This kit provides a rapid test for the qualitative detection of antibodies to syphilis (Treponema palladium (Tp) in human whole blood (WB), serum (S) or plasma (P). The test is intended for home use. TEST PRINCIPLE Our Syphilis (Tp) Combo (WB/S/P) test cassette comprises 1) a pink colored conjugate pad containing anti-Tp antibodies conjugated with colloid gold (Tp conjugated) and rabbit lgG-gold, 2) a nitrocellulose membrane strip containing test and control bands. The T band is coated with non- conjugated Tp antibodies whereas the C band is coated with goat anti-rabbit lgG. The sample is dispensed into the test cassette sample well and migrates by capillary action. If the virus is present in the sample it will move across the conjugated pad under capillary action. The immune-complex is then captured on the membrane, forming a pink rose-colored T band, indicating a positive test result. If the T band does not form, the test is negative. The test contains an internal control (C band) that develops a pink rose-colored band if the test is functioning properly. If no C band forms, the test result is invalid and the specimen must be re-tested with another kit. REAGENTS AND MATERIALS PROVIDED 1. Test devices are individually sealed in a foil pouch with a cassette, a dropper, and a package of desiccant 2. One package insert 3. One fingertip pinprick blood lancet and alcohol swab 4. These test Instructions Instructions: 1. Once removed from the foil pouch, the test device should be allowed to reach room temperature and used as soon as possible, but within one hour of opening. 2. Place the test device on a clean and level surface.

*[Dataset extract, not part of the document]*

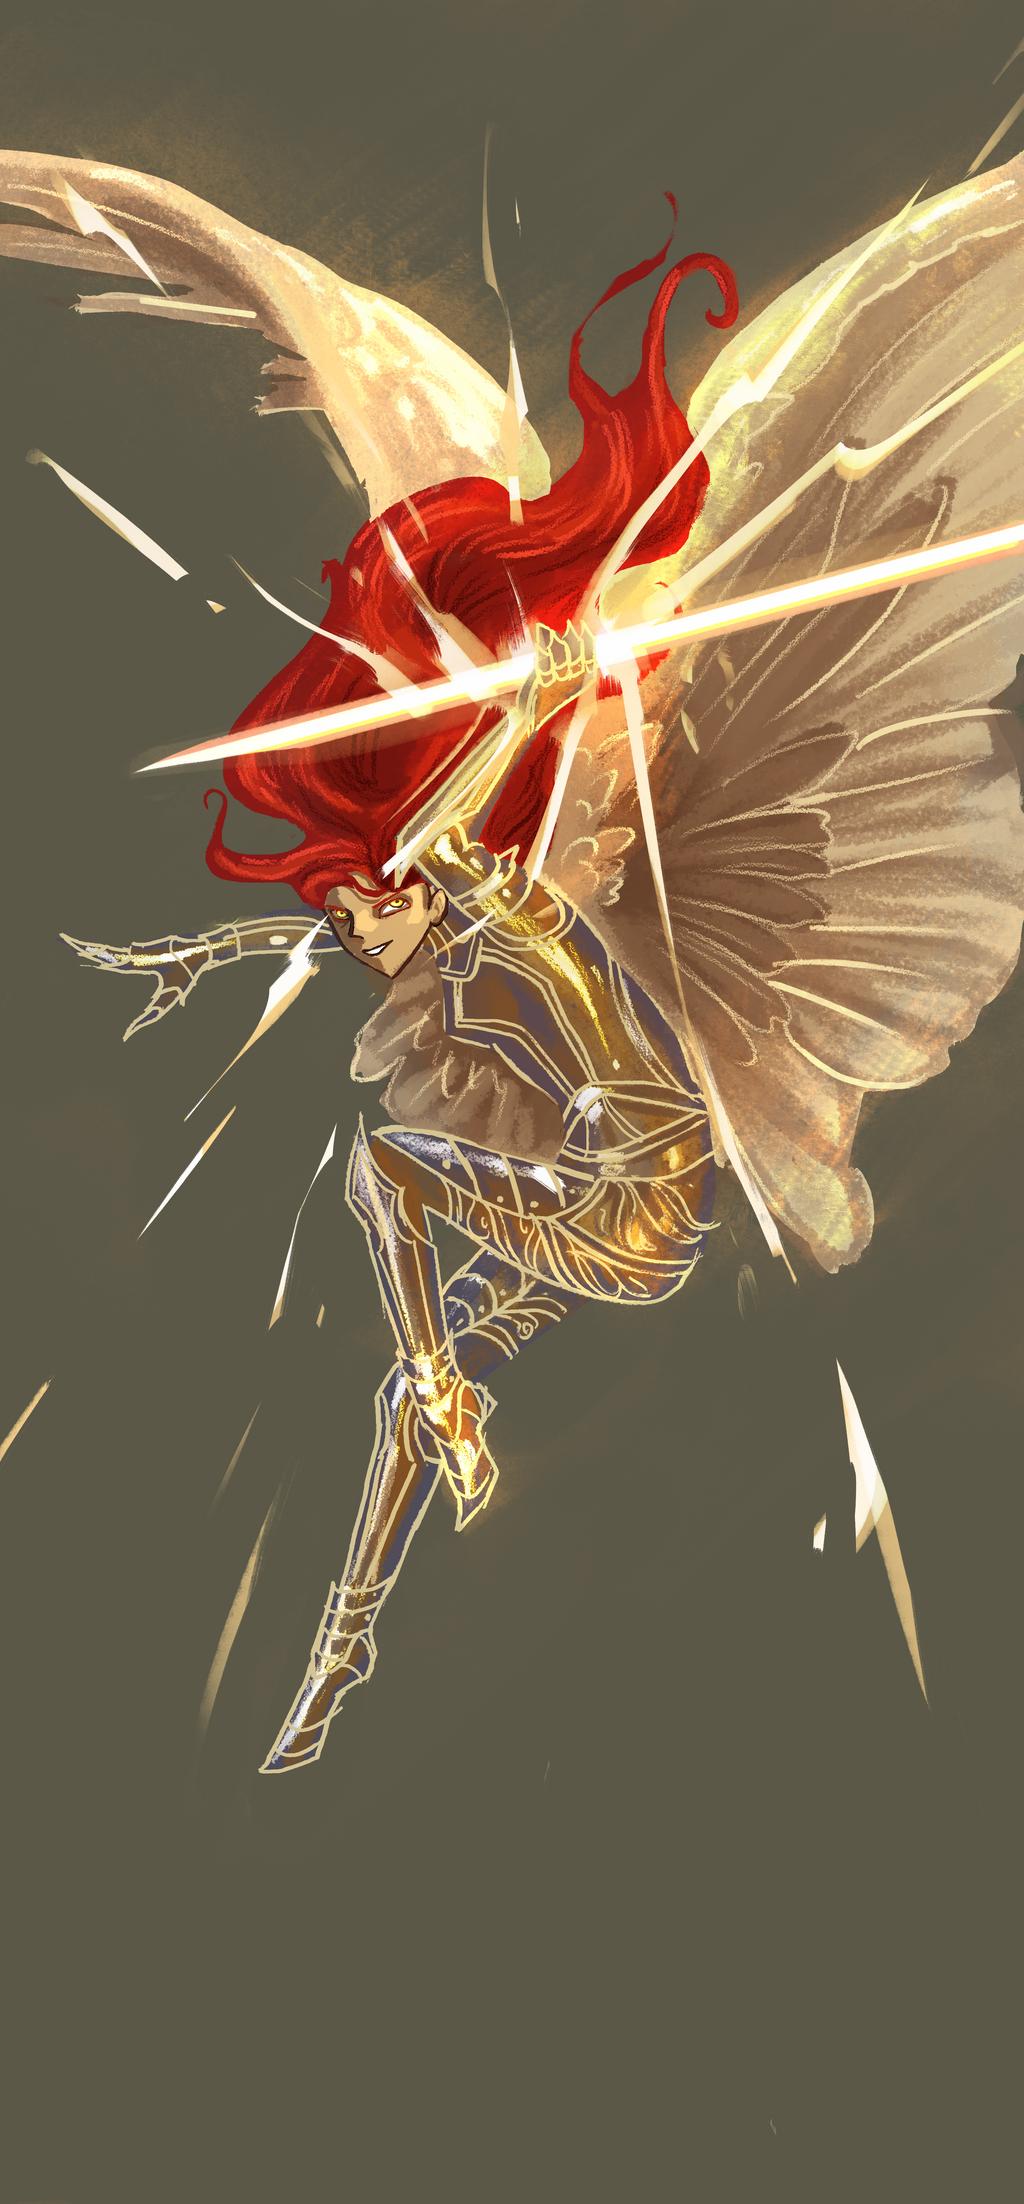 Battle Angel Character Design 2 by amidarosa
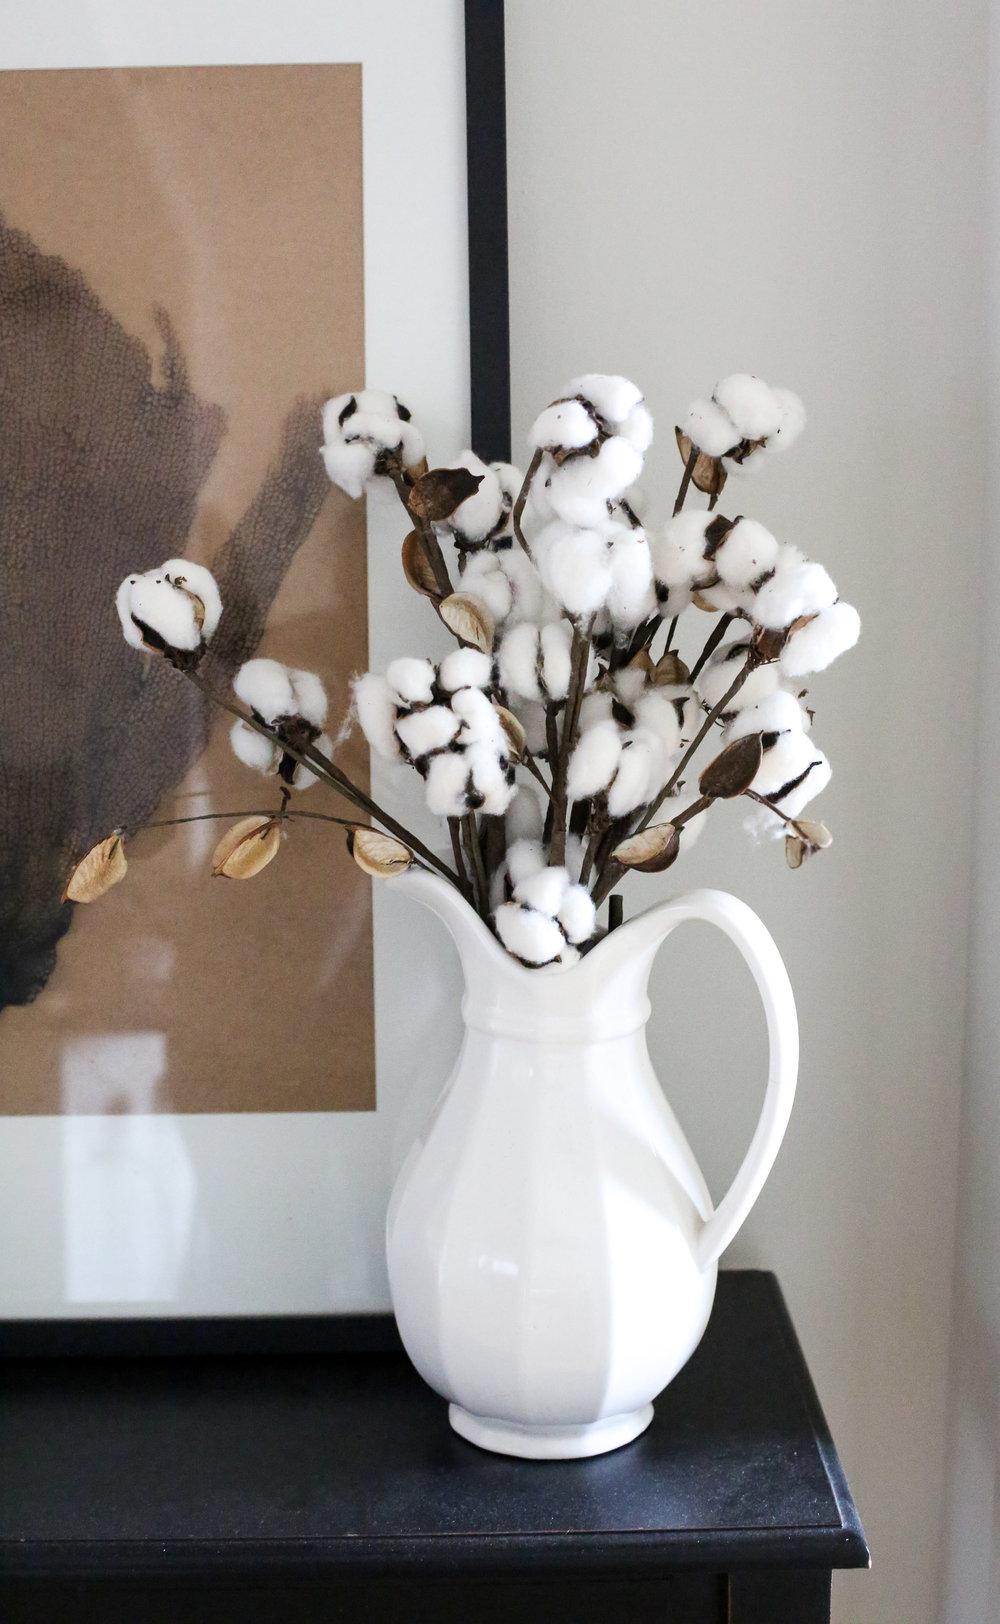 cooton-buds-displayed-as-flowers.jpg

3. Use the lancet provided to prick the thumb and obtain a blood sample. Using the dropper provided, suck the blood sample obtained into the dropper tube up to the marked line. 4. Hold the dropper vertically and transfer 2-3 drops (approximately 60-90 mm3) of blood into the specimen well of the test device and start the timer. 5. Wait for the rose-pink line (S) to appear. The result should be read at 10-15 minutes, but must not be read if more than 20 minutes has elapsed since testing.

TEST LIMITATIONS 1. Our (Tp) Combo (WB/P/S) Rapid Tests are limited to the qualitative detection of Tp antibodies in whole human blood, serum or plasma. 2. Failure to follow the assay procedure or test result interpretation correctly may give inaccurate results. 3. As with all diagnostic tests results must be interpreted together with other clinical information available to the physician. 4. A false negative result can occur if the quantity of the antibodies to Tp present in the specimen is below the detection limit of the assay or the antibodies that are detected are not present during the stage of disease in which a sample is collected. 5. A negative result of an individual subject indicates absence of detectable antibodies to syphilis at the time of testing, but does not completely preclude the possibility of infection with the disease. INTENDED USE Our Syphilis Rapid Tests detects Tp antibodies to the syphilis virus in human blood, serum or plasma. Any positive results identified with this technique must be confirmed using alternative method(s). PRECAUTIONS 1. The test devices must remain sealed in its pouch until use and must not be used after the marked expiry date. 2. Test results should be read within 20 minutes once the specimen has been placed in the test well. STORAGE AND STABILITY Keep the test kit unopened, preferably at 2-8 oC until use. Do not freeze the kit or expose it to temperatures above 30 oC. SUMMARY The Std tests R Us Syphilis (Tp) kit permits the detection of antibodies to syphilis. The test is able to detect antibodies during both the active and dormant phases of the disease. This test is intended for home use. Positive tests must be confirmed by a qualified medical practitioner.

1. NEGATIVE RESULT: If only the C band has developed, the test indicates that no detectable Tp antibodies are present in the specimen. 2. POSTIVE RESULT: If both C and T bands have developed, the test indicates the presence of Tp antibodies in the specimen. Positive results should be confirmed with alternative testing method(s) and on the basis of clinical observations before a positive diagnosis is made. *NOTE: The intensity of the color in the test region (T) varies with the concentration of Tp antibodies present in the specimen. Therefore, any detectable color in the test region should be considered positive. 3. INVALID: If no C band has developed, the assay is invalid regardless of color development on the T band as indicated above. Repeat the assay with a new kit.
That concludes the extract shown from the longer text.